The Mere Presence of others

Ensuring experiments found that others' presence improves the speed with which people do simple multiplication problems and cross out designated letters. It also improves the accuracy with which people perform simple motor tasks, such as keeping a metal stick in contact with a dime-sized disk on a moving turntable. This social facilitation effect, also occurs with animals.

Why are we aroused in the presence of others?

Evaluation apprehension

Evaluation apprehension is concern for how others are evaluation us. It can also help explain 1) Why people perform best when their co-actor is slightly superior. 2) Why arousal lessens when a high-status group is diluted by adding people whose opinions don't matter to us. 3) Why people who worry most about what others think are the ones most affected by their presence. 4) Why social favilitation effects are greatest when the others are unfamiliar and hard to keep an eye on.

The self-consciousness we feel when being evaluated can also interfere with behaviors that we perform best automatically.

Mere presence

A good theory is a scientific shorthand: It simplifies and summarizes a variety of observations. Social facilitation theory does this well. It is a simple summary of many research findings. A good theory also offers clear predictions that 1) help confirm or modify the theory, 2) guide new exploration, and 3) suggest practical applications. Socail facilitation theory has definitely generated the first two types of predictions: 1) The basics of the theory have been confirmed, and 2) the theory has brought new life to a long dormant field of research.

Social loafing: Do individuals exert less effort in a group?

Social facilitation usually occurs when people work toward individual goals and when their efforts, whether winding fishing reels or solving math problems, can be individually evaluated. These situations parallel some everyday work situations, but not thos ein which people pool their efforts toward a coommon goal and where individual are not accountable for their efforts.

Many Hands make Light Work

Social loafing is the tendency for people to exert less effort when they pool their efforts toward a common goal than when they are individually accountable. In the social loafing experiments, individuals believed they were evaluated only when they acted alone. The group situation decreased evaluation apprehension.

When being observed increases evaluation concerns, social facilitation occurs; when being lost in a crowd decreases evaluation concerns, social loafing occurs. To motivate group members, one strategy is to make individual performance identifiable.

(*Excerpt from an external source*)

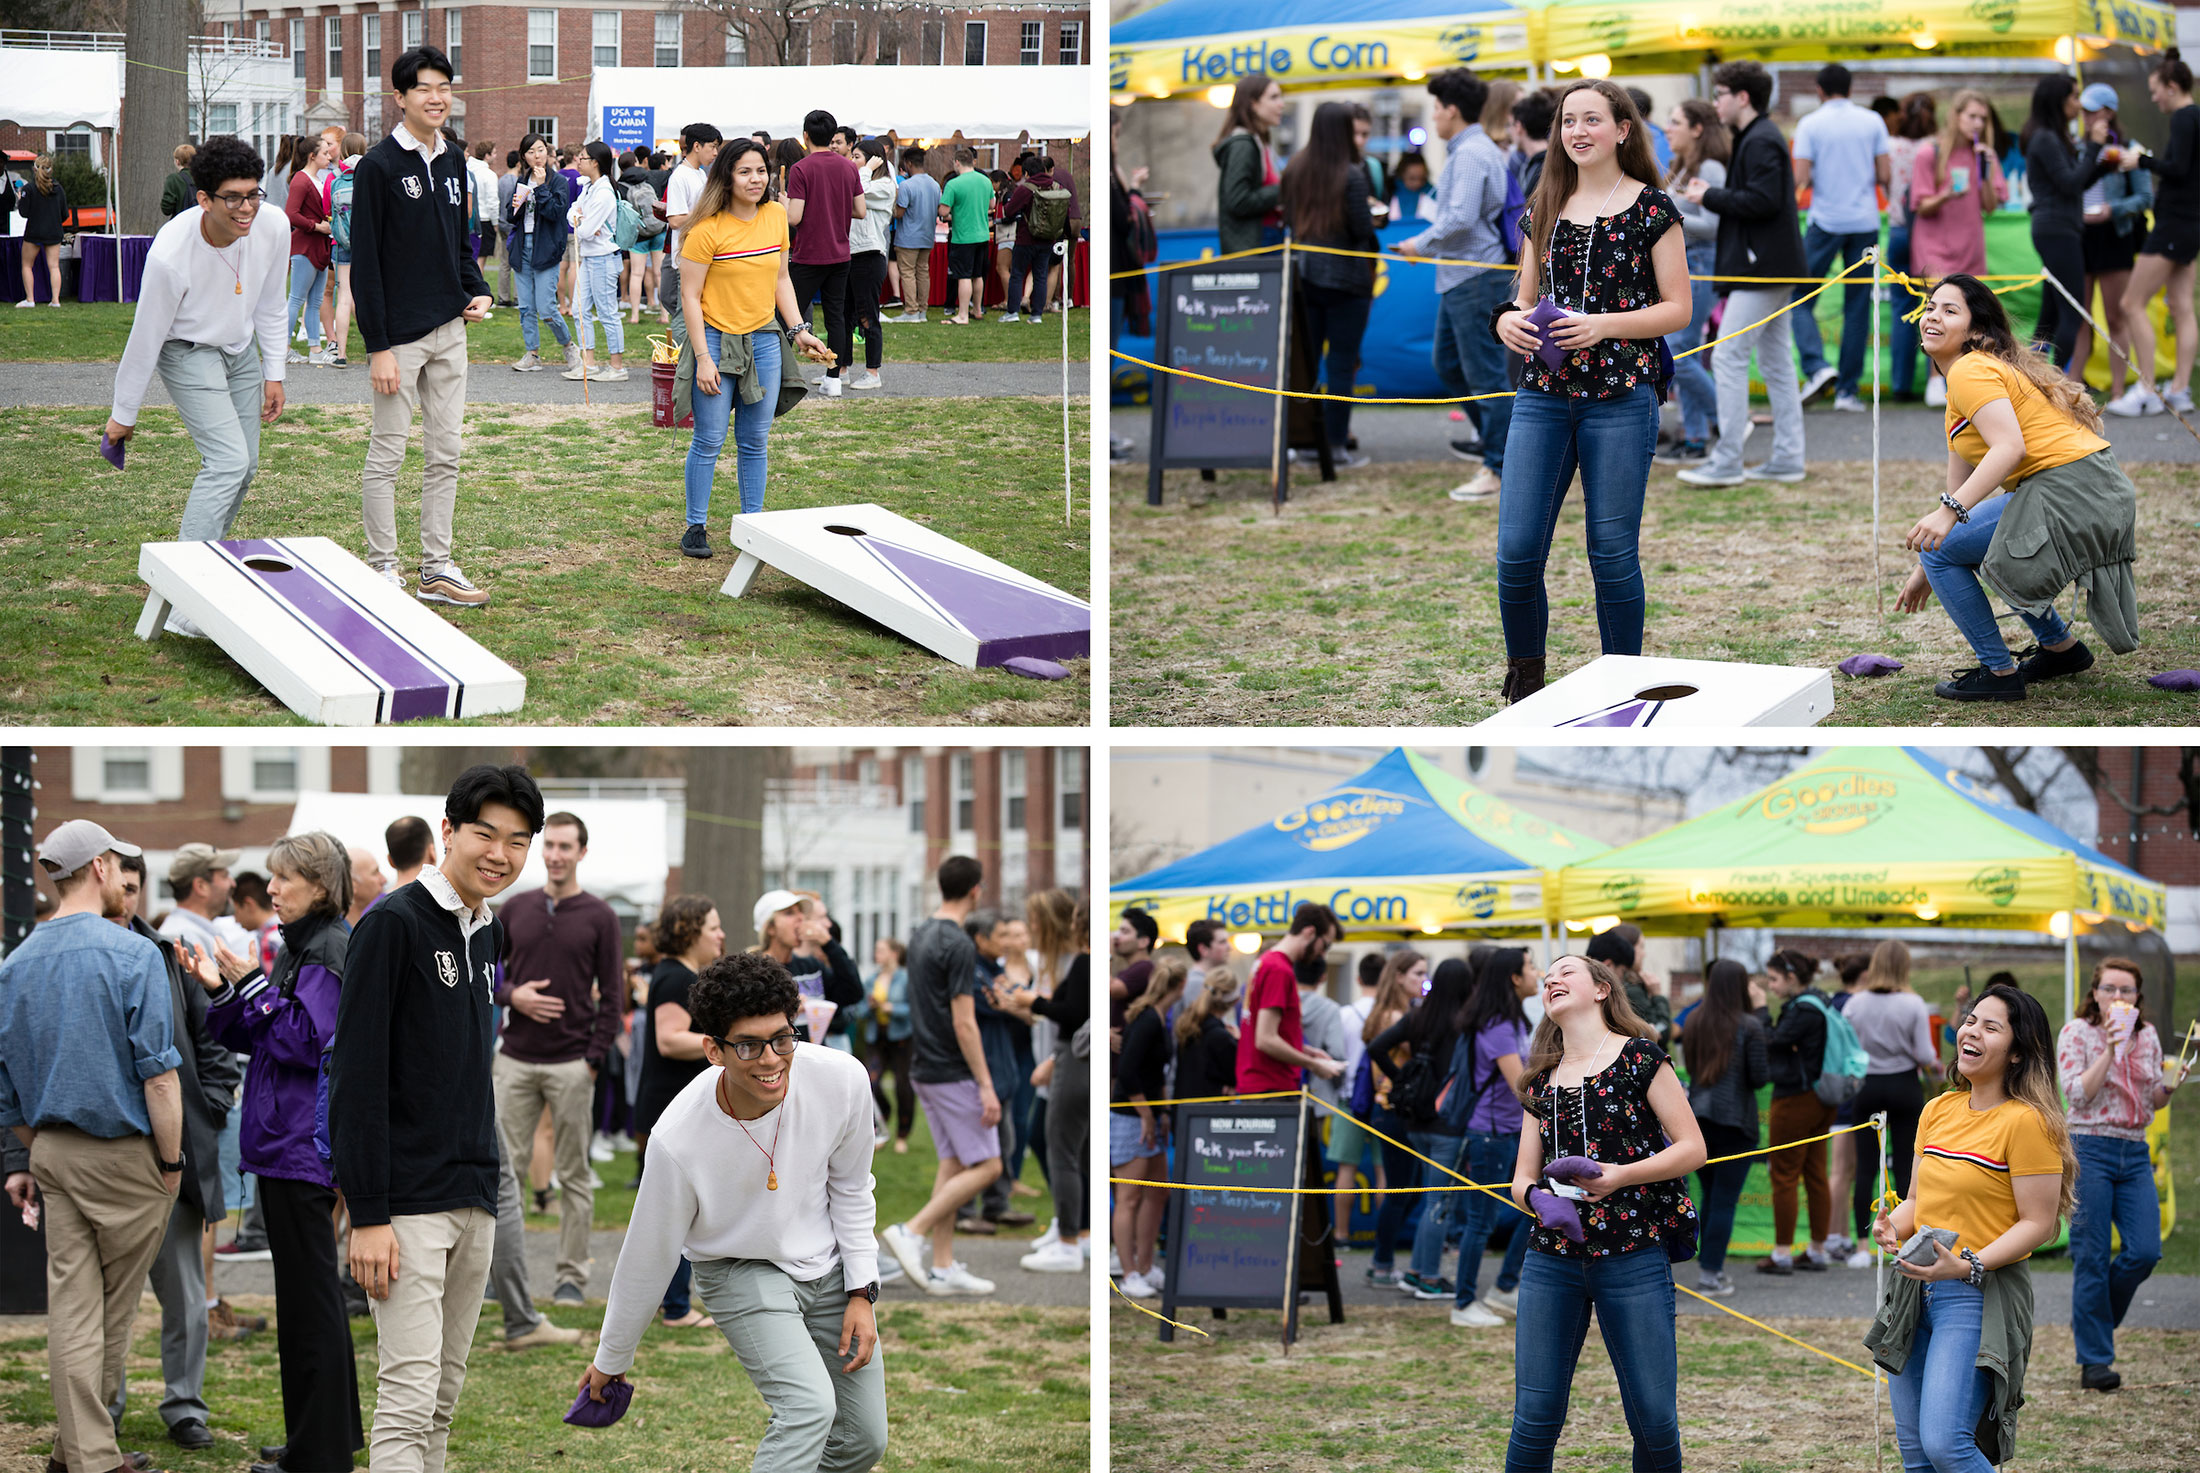 Students at City Streets festival, Amherst College

Even without pay consequences, actual assembly line workers in one small experiment produced 16 percent more product when their individual output was identified.

Deindividuation: When do people lose their sense of self in groups?

Doing Together what we would not do alone

Social facilitation experiments show that groups can arouse people. Social loafing experiments show that groups can diffuse responsibility.

Groups can generate a sense of excitement, of being caught up in something bigger than one's self.

When high levels of social arousal combine with diffused responsibility, people may abandon their normal restraints and lose their sense of individuality. Such deindividuation is especially likely when, after being aroused and distracted, people feel anonymity while in a large group or wearing concealing clothing or costumes. The result is diminished self-awareness and self-restraint and increased responsiveness to the immediate situation, be it negative or positive.

Group polarization: Do groups intensify our opinions?

Group discussion often strengthens members' inital inclinations. The unfolding of this research on group polarization illustrates the process of unquiry-how an interesting discovery often leads researchers to hasty and erroneous conclusions, which ultimately get replaced with more accurate conclusions.

Groupthink: Do groups hinder or assist good decisions?

Symptoms of Groupthinking

From historical records and the memoirs of participants and observers, Irving Janis identified eight gorupthink symptoms. These symptoms are a collective form of dissonance reduction that surface as group members try to maintain their positive group feeling when facing a threat.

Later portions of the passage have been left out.